## Task goal
Please repeat each line below exactly, with no images in the copy.

## Stored data
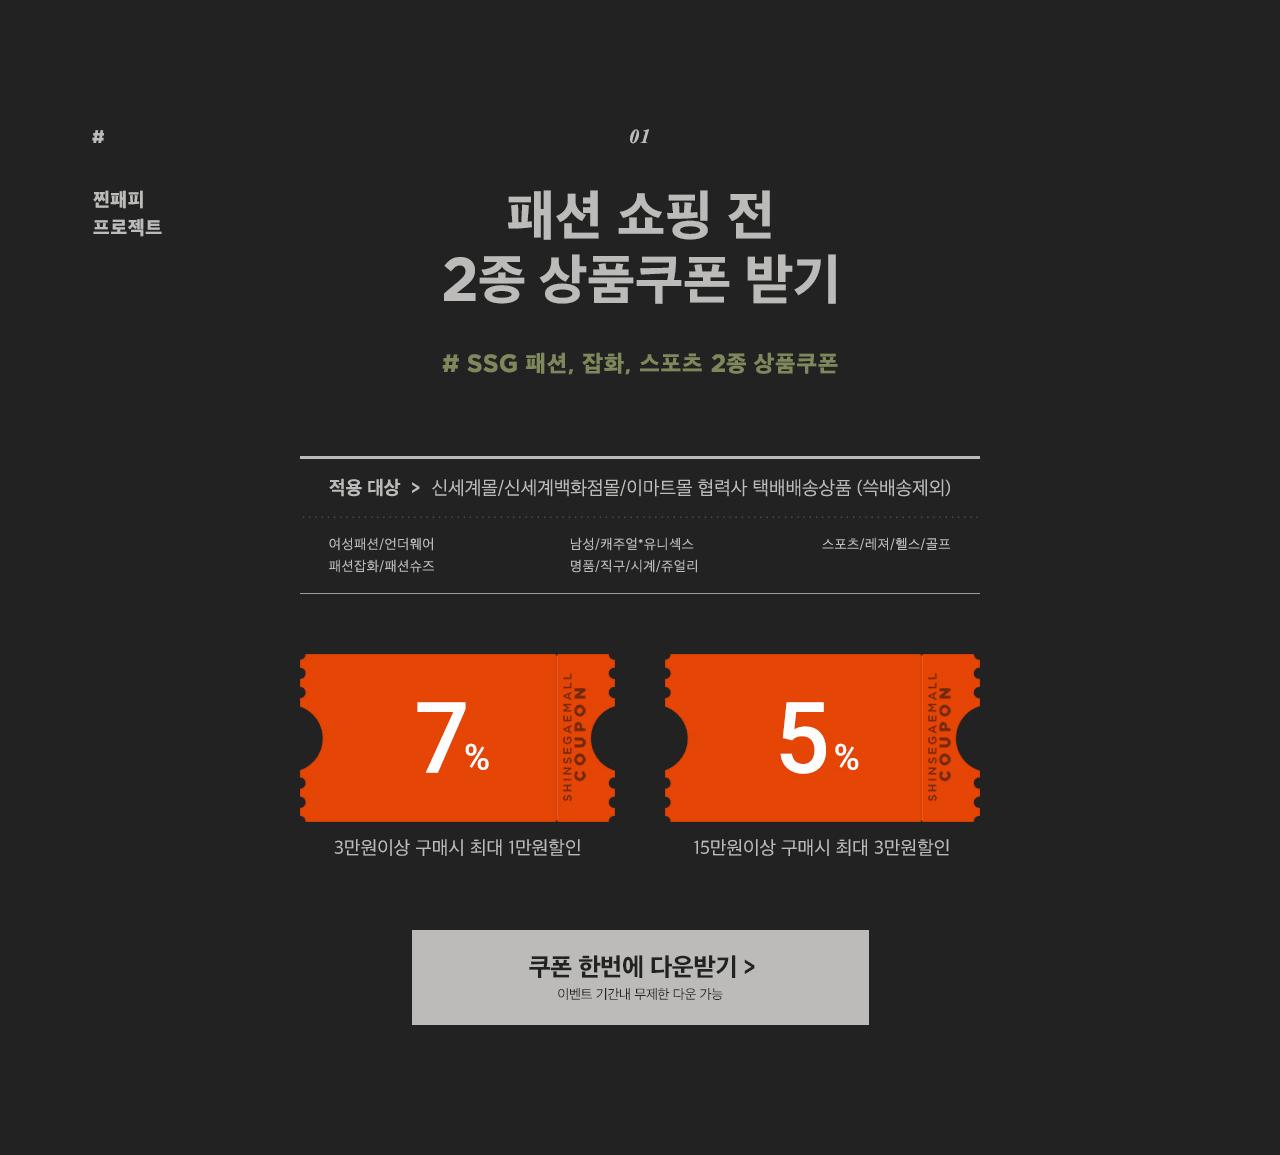 #SSG 패션, 잡화, 스포츠 2종 상품쿠폰
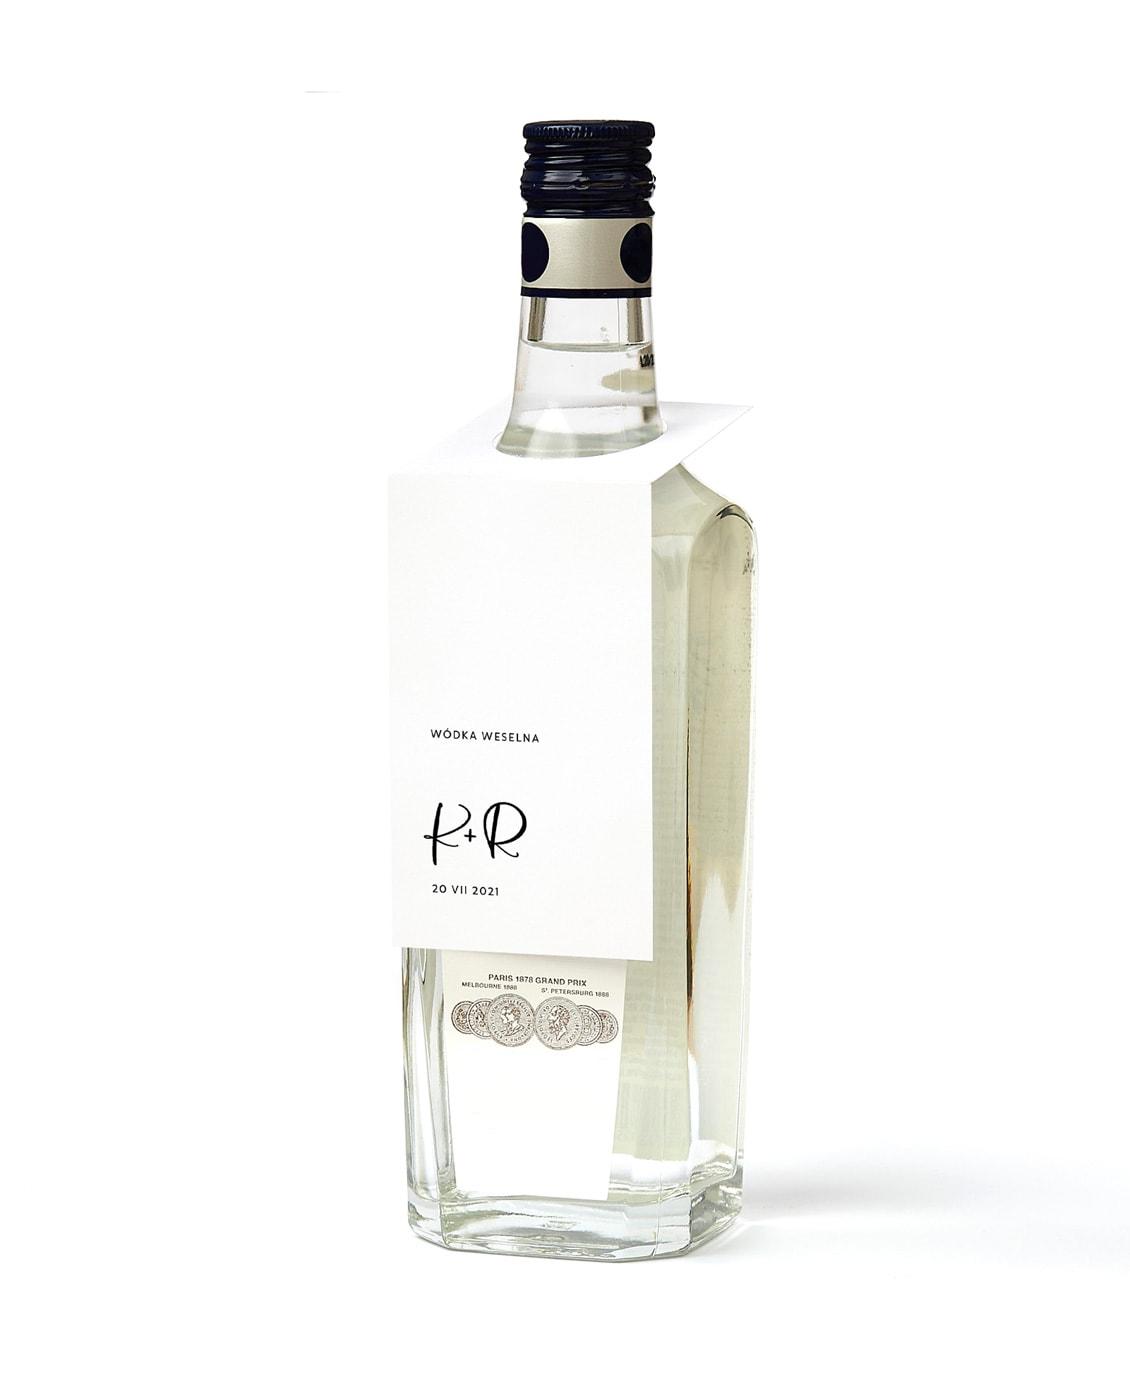 Zawieszki z imionami do powieszenia na butelce z alkoholem
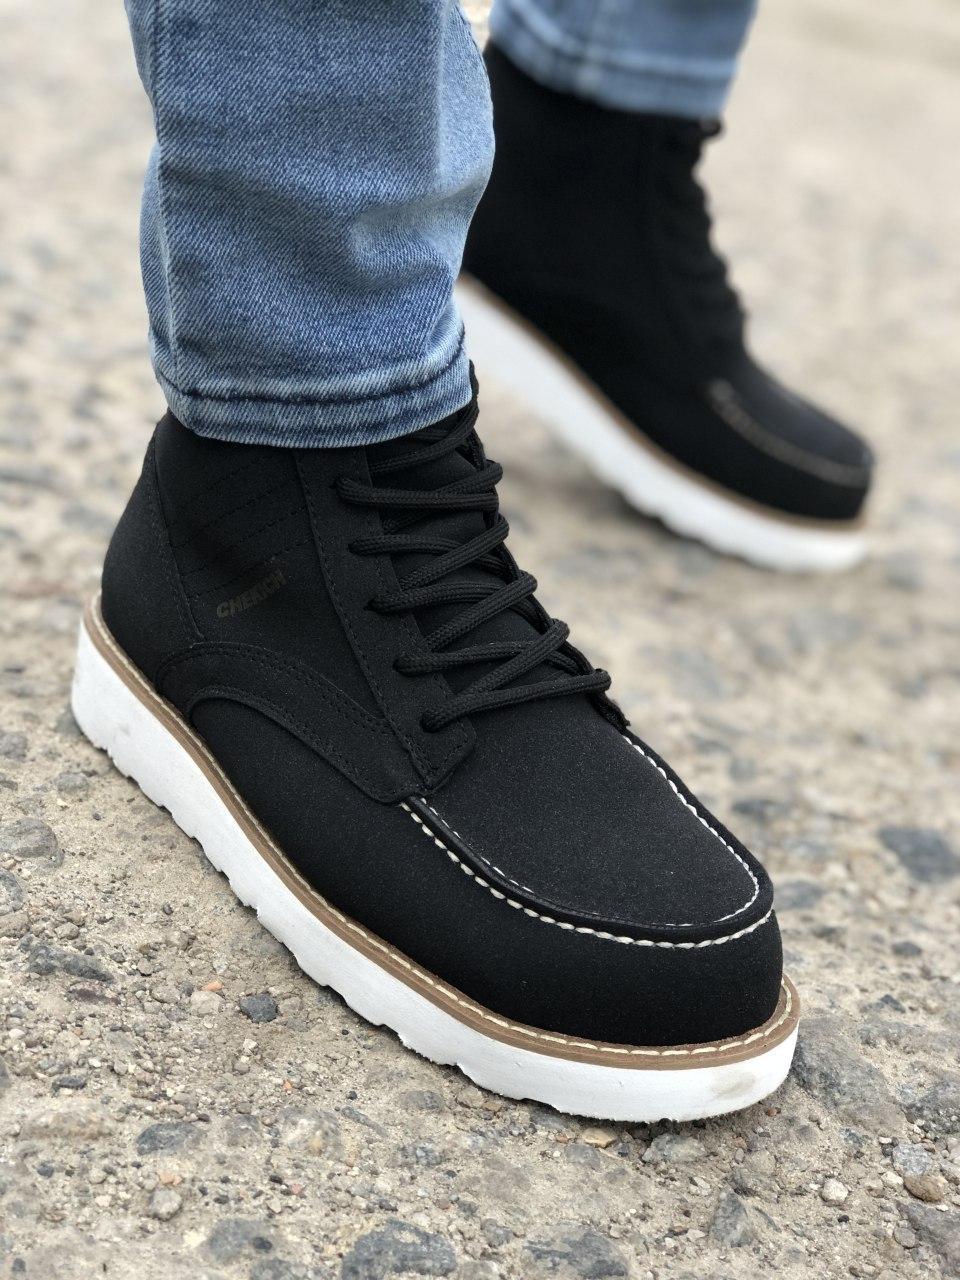 Ботинки - мужские ботинки на шнурках

## Solved exercise
 #SSG 패션, 잡화, 스포츠 2종 상품쿠폰
 Zawieszki z imionami do powieszenia na butelce z alkoholem
 Ботинки - мужские ботинки на шнурках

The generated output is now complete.